Шрифт:
Интервал:
Закладка:
– Садитесь, рассказывайте!
Времени, и в самом деле, было мало. Буквально чуть. И все-таки Ленин выкроил эти полчаса, предоставив Кравцову одну единственную подобного рода возможность, и, значит, Макс не мог, просто не имел права этот случай упустить.
"Попытка – не пытка, не так ли, Лаврентий Павлович?"
"Вот ведь!"
Следует сказать, что с головой заметно полегчало, хотя Кравцов так и не вспомнил, как ни пытался, кем был в другой – субъективно прошлой, но объективно оставленной в далеком будущем – жизни. Кажется, он был женат, и, возможно, даже неоднократно. Смутно помнились несколько детей, но все они по внутреннему ощущению были уже взрослыми. И все это как из чужого сна или фильмы. Помнились факты, а вот эмоции выдохлись. Хотя нет, неверно. Просто все, что касалось личной жизни того, прошлого Кравцова выцвело и обесценилось, а здесь и сейчас наоборот обрело жизнь, вкус и цвет. Однако "прошлое" нет-нет, а давало о себе знать: то непривычным взглядом на вполне обычные для этой эпохи вещи, то странными поговорками, а то крайне и ценными знаниями и небесполезными идеями.
– Вот, – сказал Макс, кладя перед Ульяновым первый документ.
– Нуте-с… – Ленин взял бумаги, глянул коротко на Кравцова поверх страниц и стал читать.
Нахмурился, перелистнул, сузил глаза.
– Сволочь! – бросил коротко, не поднимая головы. – Это доказано?
– Да, Владимир Ильич, здесь каждое слово проверено по три раза.

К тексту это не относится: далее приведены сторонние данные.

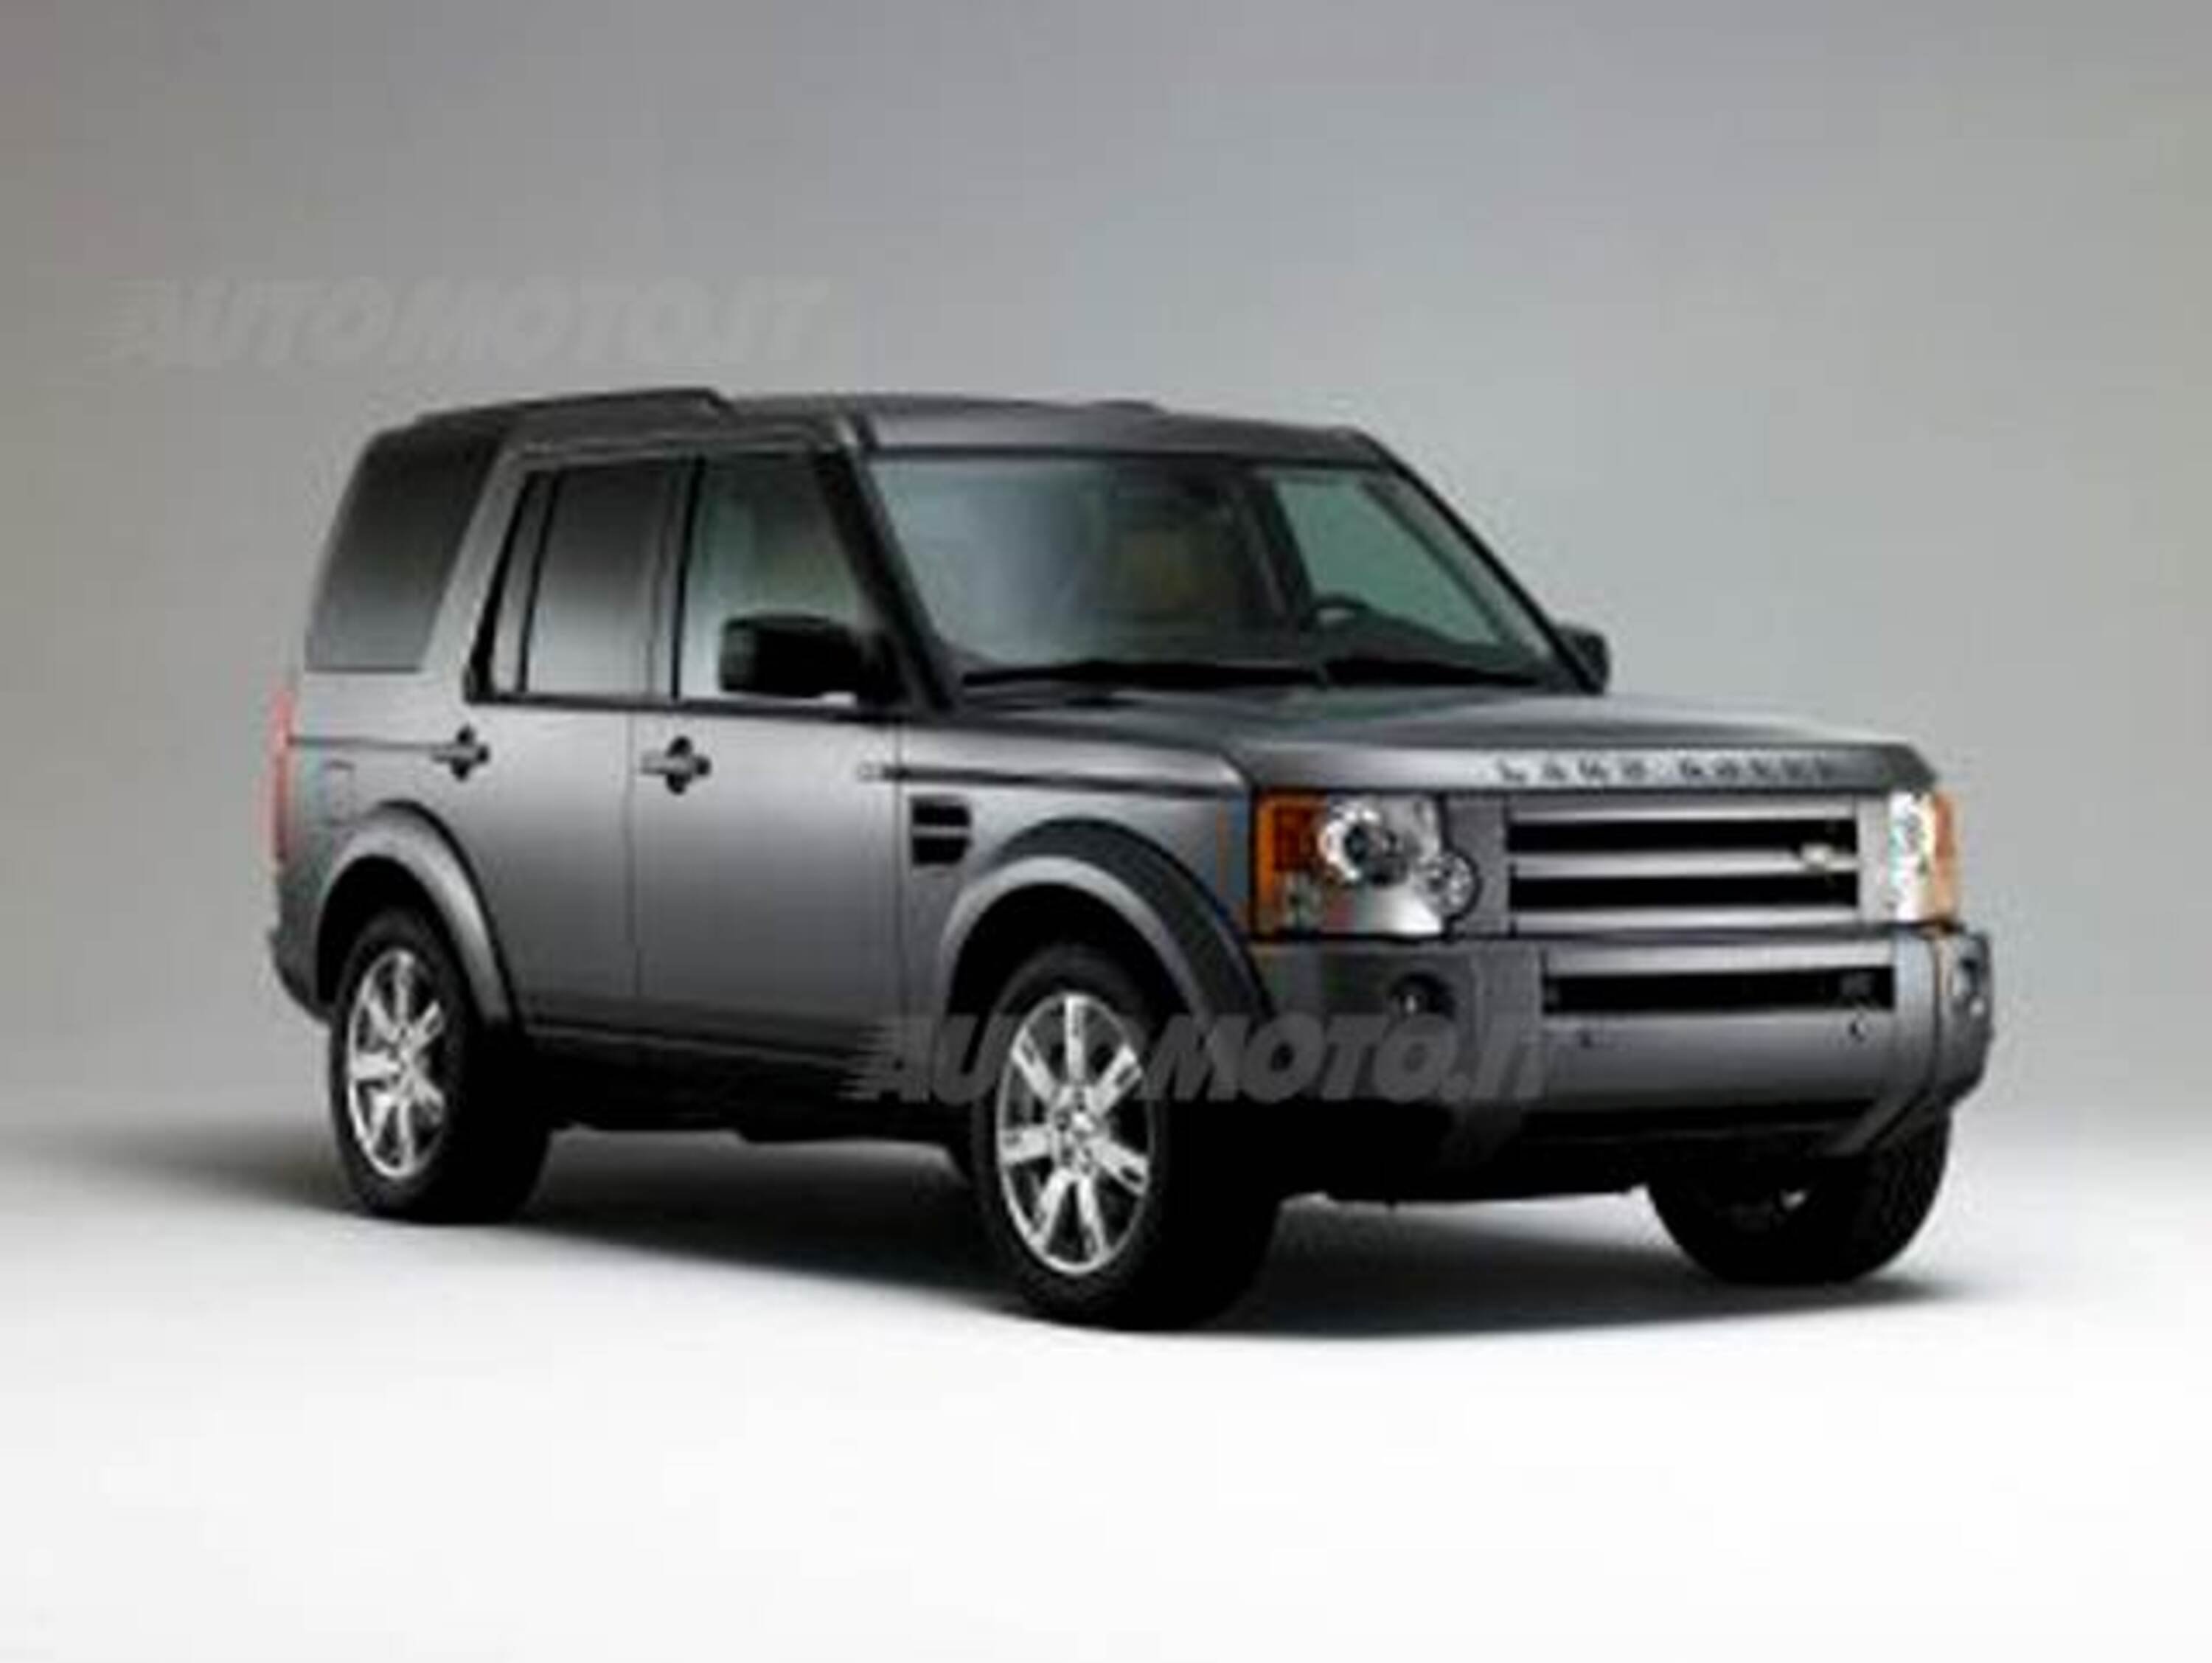 Land Rover Discovery 3 2.7 TDV6 HSE my 08

– Сволочь, – повторил Ленин, откладывая документы. – Как же он нас…! А мы? Лопухи! Феликс не знает, конечно…
– Я пошел прямо к вам. К товарищу Дзержинскому не обращался.
– А смысл? Арестовать и расстрелять? Вы ведь не за этим пришли, батенька! Совсем не за этим! Рассказывайте!
– Вот, – положил Макс на стол второй документ.
– Со Львом Давыдовичем вы, конечно, тоже предварительно этот вопрос не обсуждали? Так? – Ульянов оторвался от документа и в задумчивости посмотрел в окно.
– Он будет против, Владимир Ильич, – объяснил Кравцов, стараясь не гадать, о чем думает Вождь. – И не потому, что считает решение Бюро ЦК правильным. Просто в нынешних обстоятельствах ему приходится быть куда осторожнее, чем прежде.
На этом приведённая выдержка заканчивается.